Indicando con qmc la portata di combustibile bruciata, la potenza termica

generata nella camera di combustione, e cioè la potenza al focolare ϕfoc , risulta:

ϕfoc = qmc ·Hi

La combustione all'interno della caldaia è detta atmosferica, se si verifica a

pressione atmosferica e i fumi vengono evacuati per tiraggio naturale attraverso il

camino; è detta invece pressurizzata quando l'aria viene forzata all'interno della caldaia

mediante l'azione di un opportuno ventilatore. Una caratteristica molto importante di un

generatore di calore è rappresentata dal suo rendimento ηg, definito come rapporto tra

il flusso termico effettivamente trasferito al fluido ϕf , e quindi utilizzabile, ed il flusso

termico totale liberato dalla combustione nella caldaia ϕfoc. Risulta quindi:

ηg = ϕf / ϕfoc

Il flusso termico effettivamente trasferito al fluido ϕf dovrà, evidentemente, essere

sufficiente per coprire il totale fabbisogno termico dell’edificio.
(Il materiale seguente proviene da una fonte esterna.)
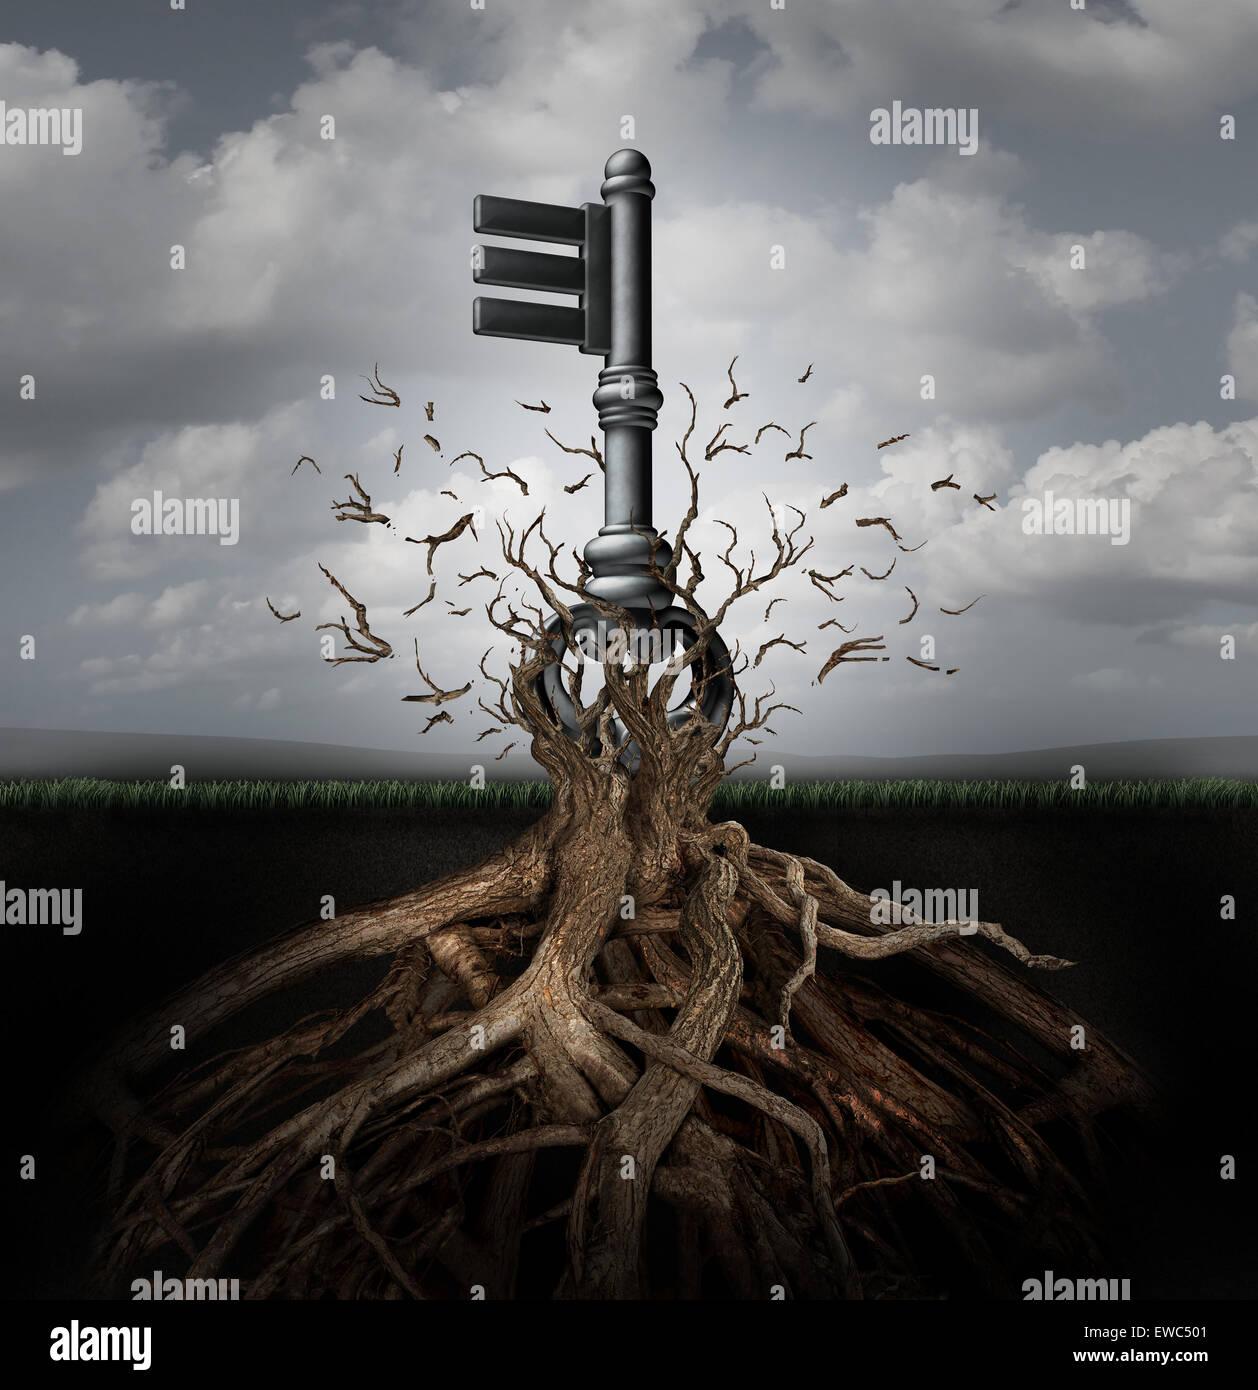 Concetto di soluzione come una vecchia chiave generica che emergono da un albero in un business come metafora per Immagini Stock

E’ opportuno osservare che il rendimento ηg assume valori elevati (dell'ordine di

circa 0.9) solo in condizioni di un funzionamento a regime del generatore. Il

rendimento medio nella stagione di riscaldamento risulta, in genere, notevolmente

inferiore a causa di numerosi fattori, tra i quali particolare importanza riveste il carico

medio cui è sottoposto come rappresentato indicativamente in figura.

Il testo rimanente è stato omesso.